Возможно, что это была уже и не она сама, а с прошлого раза здесь сохранился ее отпечаток, но разницы не было никакой. Отпечаток действовал совершенно так же: по позвоночнику пробежало некое электричество, что немедленно призвало кому. Будто она сама к нему уже прийти не удосуживалась, но готова была явиться, когда он о ней вспомнит.
Тут он сделал еще одну ошибку (предыдущая состояла в том, что если бы он пошел по другой стороне улицы, обошел бы пятно комы, чуть-чуть сырое и шершавое одновременно, как говяжий язык; мелко-складчатое, лежавшее на тротуаре возле армянского магазина — а он мог это сделать, там был переход на другую сторону Минской, но светофор горел красным — тогда все бы обошлось, история бы и закончилась, он бы вернулся в прежний ум). Теперь он ошибся, неправильно глядя на брата: рассматривал, как повылезали его волосы, как ухудшилась кожа лица. Отстраненно изучал, как тот устраивает дома свой личный спектакль — для домашних, по поводу какой-то бытовой позиции. Его близкие тоже были вполне известны и тоже теперь представлялись некоторыми механическими машинками, заводимыми во время сна. Ну и что? Так и бывает. Были молоды, например, а потом — уже нет. Извлекать из этого факта личную метафизику не годится, потому что из этого она не извлекается. Вот если бы О. подумал, какие они все хорошие, тогда еще может быть. Будто не знал теорему Геделя о неполноте, которая, мягко выражаясь, утверждает, что при определенных условиях в любом языке существуют истинные, но недоказуемые утверждения.
Кома окончательно стала членом его жизни только сейчас. Кажется, сломалась какая-то перегородка — условная, ничего физически не преграждающая, как шлагбаум. Ему уже не надо было всякий раз обнаруживать, что кома есть, верить всякий раз в то, что она существует. Вот и теперь: пришел в гости, посмотрел по сторонам. Не просто пришел, но — стал осматриваться, это в квартире-то, где бывал уже лет сорок. Просто бы поговорил, напился бы даже — вполне по-человечески; нет, пил водку и думал: странно они как-то живут, дико. Хотя это же просто жизнь, и у него такая же, а ему не понравилось и стало грустно. Будто у них был какой-то шанс. Какая-то перепонка в нем прорвалась, и кома из того, что присутствует рядом, стала тем, что присутствует всюду, потому что проникла внутрь.

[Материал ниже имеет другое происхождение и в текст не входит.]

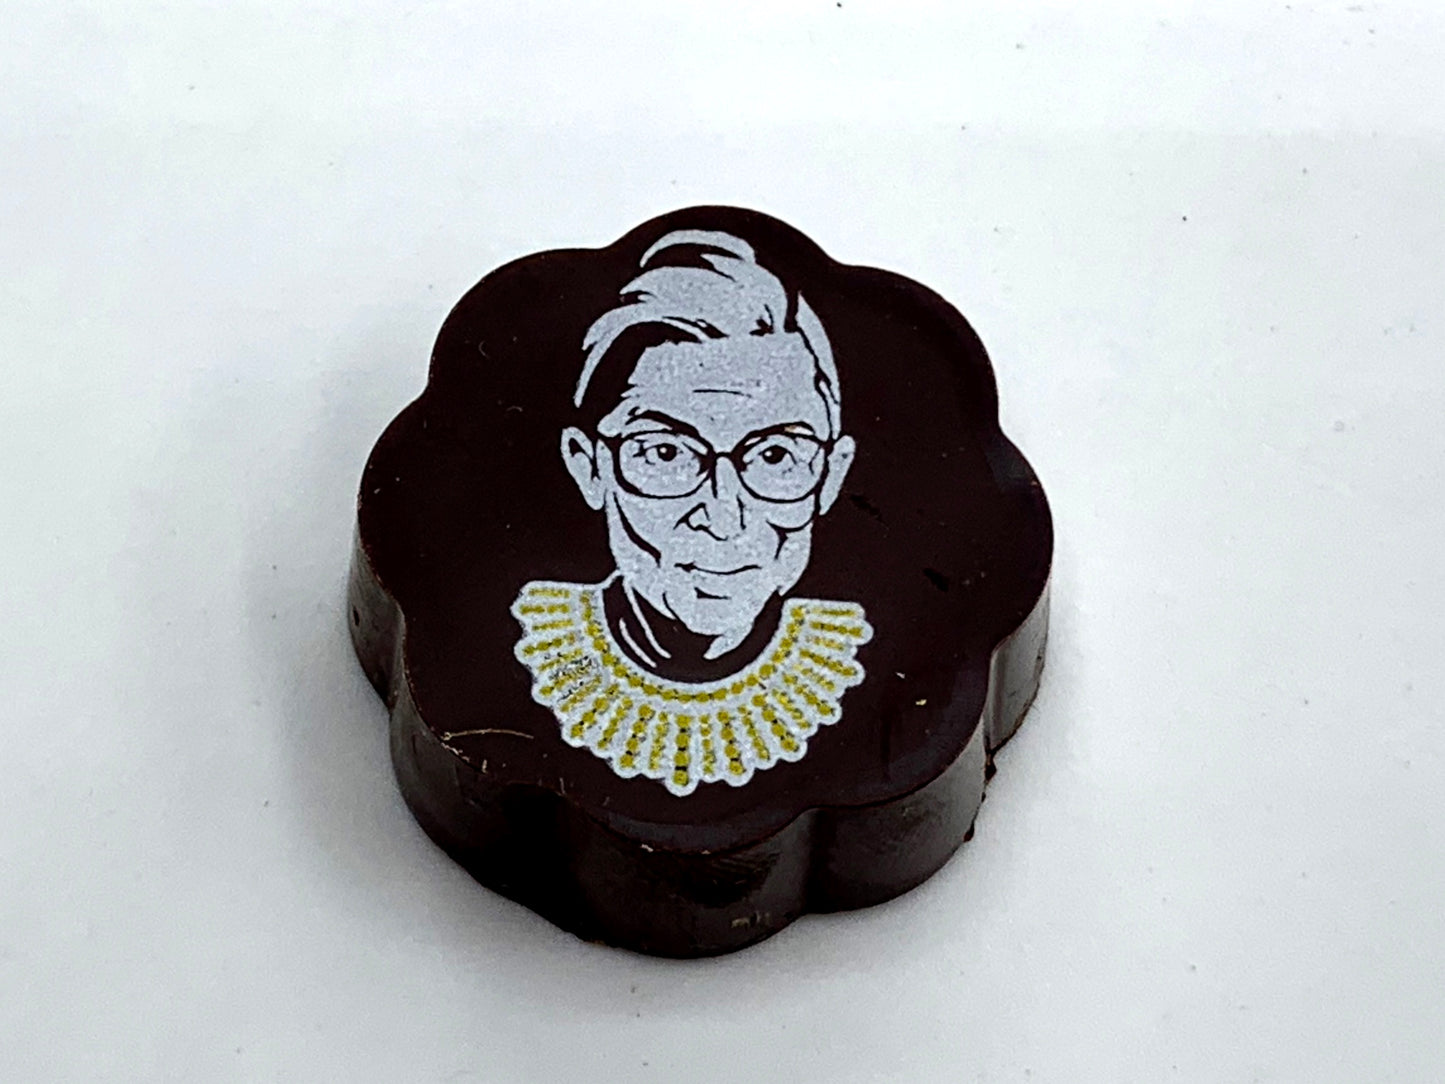 RBG - Ruth Bader Ginsburg Chocolate

Она теперь действовала не только, когда мозг входил в соприкосновение с ней, она уже сама входила в соприкосновение с ним. Не так, что позвали по имени, и она появилась, а наоборот — появилась и в мозгу возникло ее слово. И уже приходила не одна, тяжелая, у нее теперь были то ли отростки, то ли многочисленные верткие представители, являющие ею: большой, все так же похожей на сырую свиную печень, ерзающую и тут, и в неизвестном мире.
К этому времени кома пометила уже всех его знакомых — не отмеченными ей оставались редкие люди и места. И даже его дом: как-то случайно он о ней задумался, посмотрев на светящиеся окна напротив, через двор. Вот и все, и дом теперь заражен: вечерний, с включенным электричеством. Это все быстро и просто: в конторе ту девочку с аквариумом разглядывал — контора заражена. И квартира приятеля. И улица по дороге к нему. И это стыковалось одно с другим, то есть было объективным, реальным, повсеместным. Кома действовала примерно одинаково, различия же были связаны лишь с оттенками самочувствия. Мир вокруг него становился облученным комой, то есть — не мир, а сам он стал уже генетически модифицированным. Так что начиналась уже какая-то другая жизнь.

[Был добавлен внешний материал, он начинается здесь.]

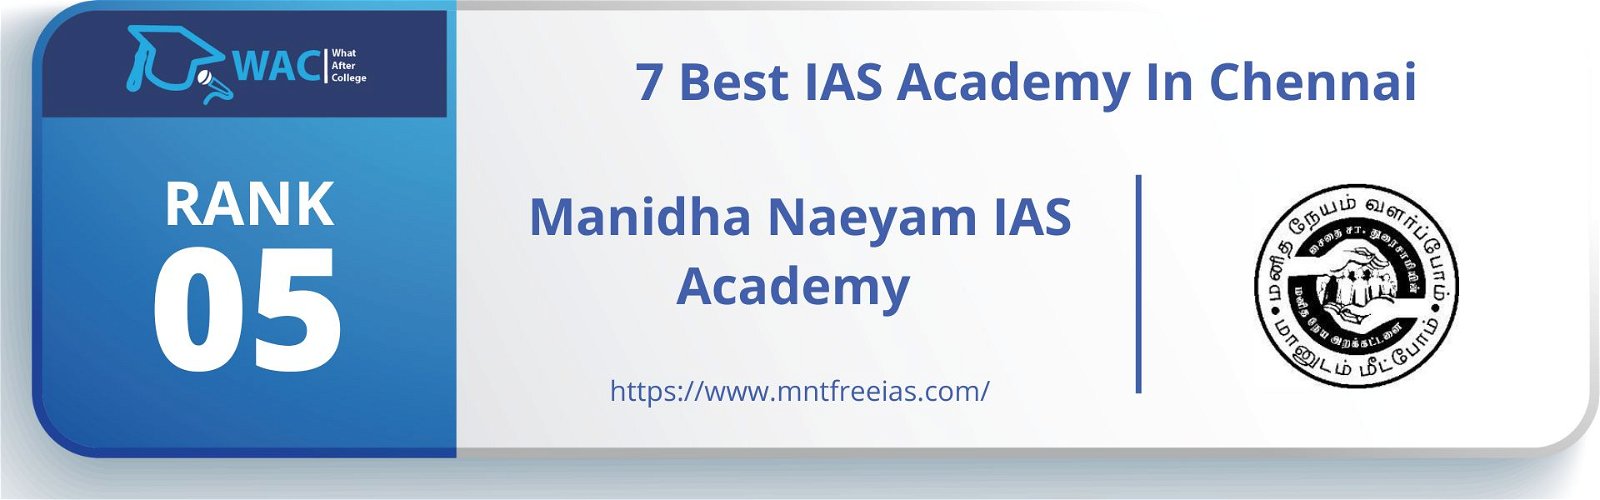 ias academy in chennai

30 января был средой, он еще лежал в кровати, от окна слегка сквозило, все разошлись по делам, а у него лекции были после часа, а теперь только 10 утра. Маленький он такой лежал, непонятный. На ум приходили смутные желания, детские: своровать, например, что-нибудь, без всякой необходимости. А всему виной сонное, утреннее — субботне-воскресное, выходное бормотание радио, которое сейчас редко на каком канале бормочет, а это, из кухни, как раз бормотало, «Эхо», разумеется, не выключили уходя. А еще и солнце в окне, на кухне шумит чайник, чайник-то уже сам поставил, когда проснулся и ходил в туалет. Славная расслабленность, всю жизнь одинаковая. Вечная ценность, в общем.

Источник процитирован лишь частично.